MICROSOFT WINDOWS VS SCIENCE

Over the past few decades, Microsoft Windows and other multitasking systems have taken over the computer market to the point where there are no operating systems currently available for sale which can be used for properly designed scientific experiments.

Windows is written mainly for business use, and so is designed to give the maximum throughput as seen by the businessman sitting at the console. The demands of the business world for flashier, more attractive software for advertising and business operation, point and click operation, and the ability to run several programs at once, are putting an end to computerized experiments for scientific research.

There are several troubles that the latest operating systems cause for scientists. They include the following problems:

1. Updates and upgrades destroy the Ceteris Paribus required by science
2. Automatic Updates and Upgrades Interrupt a Running Experiment
3. Upgrades make the scientific equipment stop working
4. Inability to get the timing needed by the experiment
5. Inability to react fast enough to changes.
6. Inability to sequence the experiment in the correct order

Each problem has a different cause and a different solution:

1. Updates and Upgrades Destroy the Ceteris Paribus Required by Science

   Microsoft Windows and other multitasking systems now have automatic update and even automatic upgrade functions that change the operating system. This destroys the continuity of the integrity of the way the data are handled.

   WHAT IS CETERIS PARABUS?

   "Ceteris Parabus" is Latin for "All else being equal".

   Whenever a scientific experiment is performed, the experimenter must provide proof that nothing has changed except the variables that are supposed to change. This includes all aspects of the handling of the data, including anything in the computer, the operating system, the means of storing the data, and the programs used to handle the data. It also includes anything that affects the sequencing and timing of the experiment.

   HOW DOES UPDATING OR UPGRADING THE SOFTWARE DESTROY CETERIS PARABUS?
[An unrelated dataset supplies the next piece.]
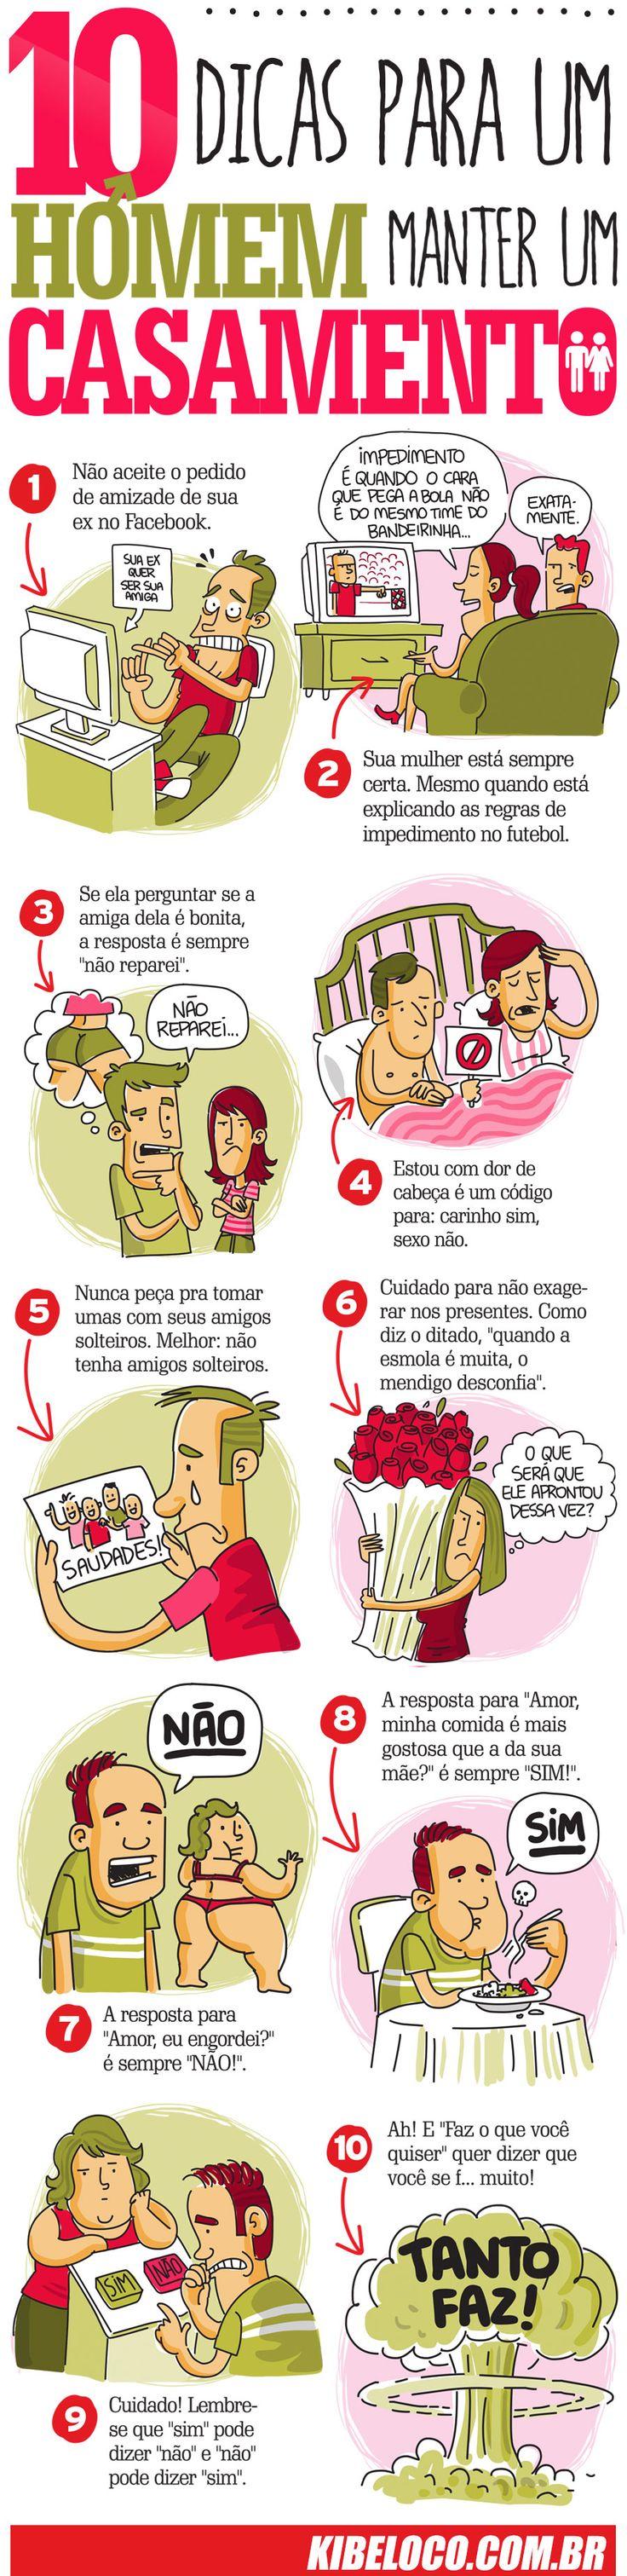 Top Kibe Loco - maneiras para um homem manter seu casamento.

   • A new version of the operating system may change the way numbers are used or stored. This can cause numbers stored using the old software to change to different values.
   • A new version of the operating system may change the way the experiment itself runs, or the timing of the experiment. A major change can even cause parts of the experiment to be performed in the wrong order.
   • A new version of a spreadsheet or database can affect how new numbers are stored and how existing numbers are read.
   • A new version of the file system can make old files unreadable or alter how they are read or interpreted.

   AREN'T THESE RARE CHANGES? WHY IS THIS SUCH A PROBLEM?

   The problem is that the experimenter does not know whether or not any change that affects the data has actually happened. So the experimenter must prove that nothing has changed that can do anything that could change the procedure of the experiment, change some of the data, or change how it is processed. He must do this EVERY TIME an update occurs. Obtaining this proof can take a large amount of time and can disrupt the experimental process.

2. Automatic Updates and Upgrades Interrupt a Running Experiment

   Microsoft Windows and other multitasking systems now have automatic update and even automatic upgrade functions that take over the computer while it is busy controlling an experiment. This ruins the operation of the experiment.

   Microsoft used to allow users to control when updates occur. Now Microsoft stops whatever the computer was doing to force the update to occur.

   Such an interruption can damage processes that must not be interrupted.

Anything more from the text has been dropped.